HENS relies on a physics-informed AI model trained with PhysicsNeMo using ERA5 as the primary historical atmospheric state source, spanning 40 years. After training, the model serves as a computationally cheaper substitute for conventional numerical simulations to create large ensembles and scenario tests. The workflow combines AI-driven emulation with physics-based constraints to maintain fidelity while drastically reducing compute time and energy use. Validation at NERSC showed that HENS predictions align closely with established gold-standard metrics, with uncertainties more than an order of magnitude smaller than traditional methods.
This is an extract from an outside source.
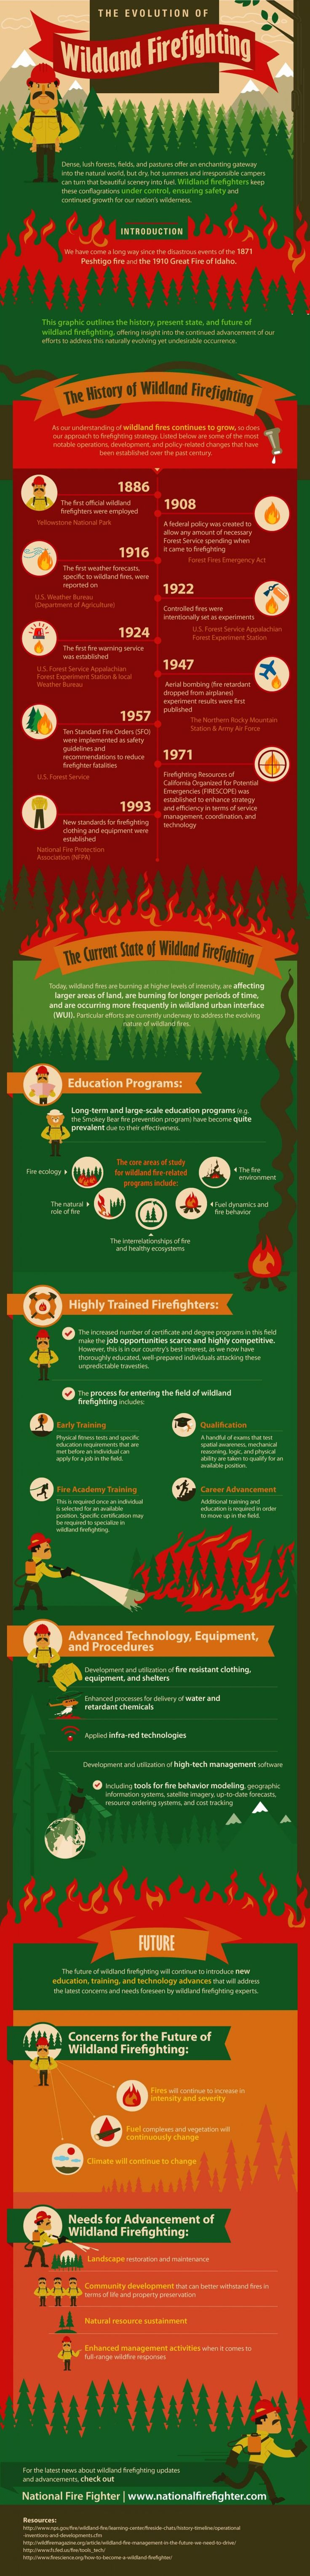 The Evolution of Wildland Firefighting Infographic

HENS produces 7,424 ensemble members for the summer 2023 conditions, allowing a richer characterization of the tail of the distribution and enabling more reliable assessments of low-likelihood, high-impact events. The dataset built through this process offers a large, high-resolution record suitable for studying long-term patterns and drivers of extremes, such as heat waves, hurricanes, and atmospheric rivers.

Key technical components

PhysicsNeMo: open-source Python framework for building and refining physics-based AI models at scale.
Makani: open-source frameworks used to support modeling and experimentation.
ERA5: historical atmospheric state data used for training (40 years).
NERSC: rigorous validation environment where ensemble predictions were weighed across multiple diagnostics.
Open-source / ready-to-run availability: enables broad adoption and testing across institutions.

Key takeaways

HENS is a scalable AI-assisted method for extreme-weather forecasting that reduces dependence on supercomputers.
The approach delivers massive ensembles (7,424 members) from a single training run, enabling detailed tail-risk analysis.
Forecasts extend from hours to days ahead (6 hours–14 days) with high spatial resolution (15 miles / 25 km).
Uncertainty in HENS predictions is substantially lower than traditional models, with improved detection of rare events.
The generated dataset (27,000 years, ~20 PB) supports long-range climate insights and future methodological improvements.

FAQ

What is HENS?

machine learning tool released by NVIDIA and Berkeley Lab to produce large ensembles for extreme-weather forecasting, available as open source code or a ready-to-run model.
How many ensemble members were created, and on what data are they based?

7,424 ensemble members based on initial conditions from summer 2023, generated using ERA5 data and AI modeling.
What is the forecast range and resolution?

Forecasts cover 6 hours to 14 days ahead at a 15-mile (25 km) resolution.
Why is this significant for practitioners?

It enables faster scenario testing with lower uncertainty and reduced energy usage, supporting decision-making for extreme events.